Over what? Changing my goddamn clothes? Harassing these humans? Whose idea was it to turn this manor into a bad horror movie? Christ, it’s not like I’m involving him in anything I’m doing.

“Then you’re welcome to keep your distance from me, instead of following me around like a lost dog.” I glare daggers into his skull.

“I don’t want to be cleaning up your mess.” He waves in the direction of the wall, which has a head-sized hole in the plaster.

Yeah, okay. That one is on me, but it’s not like he was trying to stop me.

This time, when Lynx looks me up and down, it’s with disgust. “What are you wearing?”

“Clothes. Why? How do I look?” I meant to lace my voice with sarcasm and say what does it look like? But my earlier self-consciousness is lingering, and I regret ever speaking to him.

“Like shit.”

My stomach falls, and for a moment, I tell myself that he’s right, and where did I get off thinking I could look anything other than terrible?

Then a switch goes off, and I stop caring. It’s been a long time since I worried about what people think of my appearance. That’s not going to change just because I’m dead.
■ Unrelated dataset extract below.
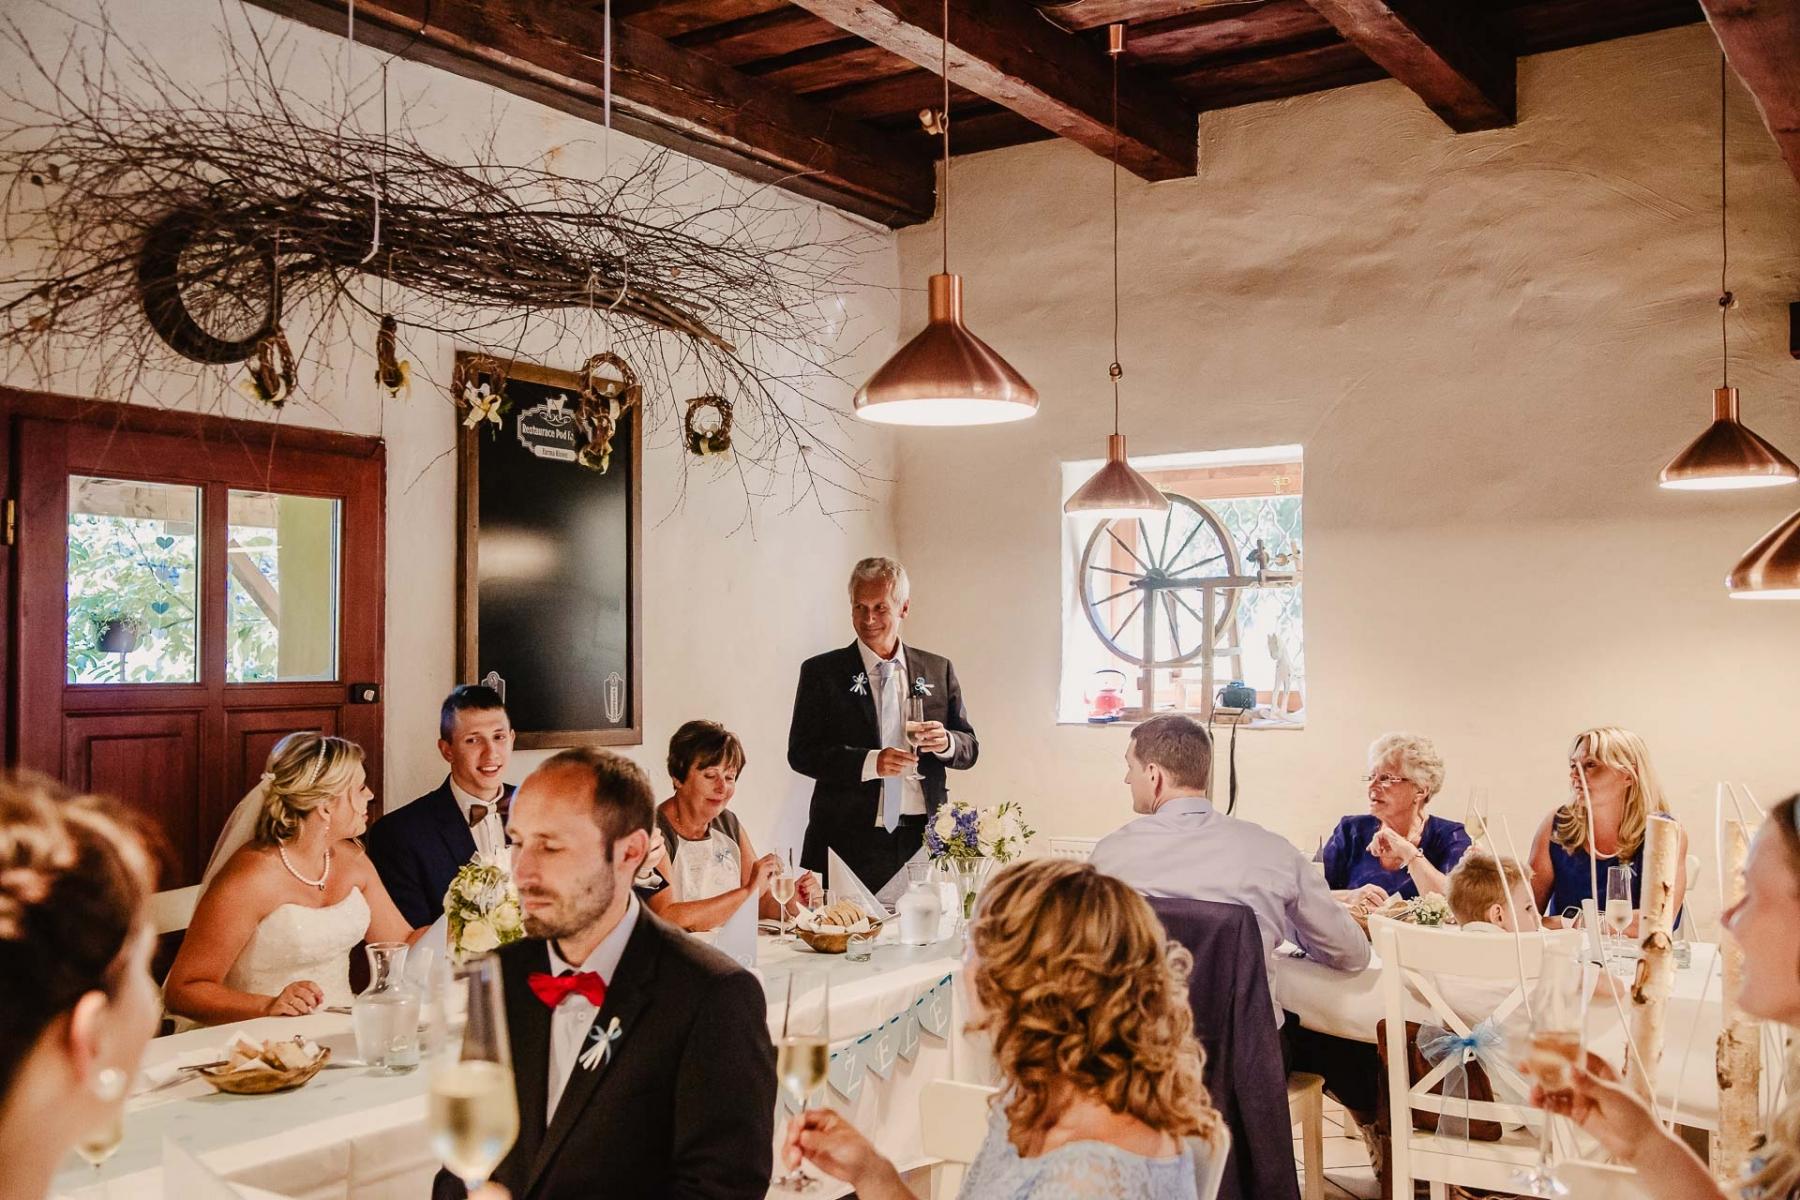 svatební fotograf zámek Mníšek pod Brdy, svatba na zámku, letní nejkrásnější zámecká svatba, Bára a Ondra-116

I shrug, throw my shawl onto his shoulder, shimmy my dress down, and readjust my boobs so it sits just right even though no one else can see, and my dead being is reacting to the cold by pushing my nipples against the thin fabric.

Lynx has another thing coming if he believes I’m going to let him make me feel bad about myself.

The vein in his forehead pulses as I give him the finger then spin round to follow the humans into the living room. Frustration teeters down my spine when I walk straight through a human—and another practically shoulder checks me. I’m this close to a second breakdown.

Because I lied.

I do care.

I care that I’m dead and I’m the same inconsequential person as the girl who was stupid enough to come back here.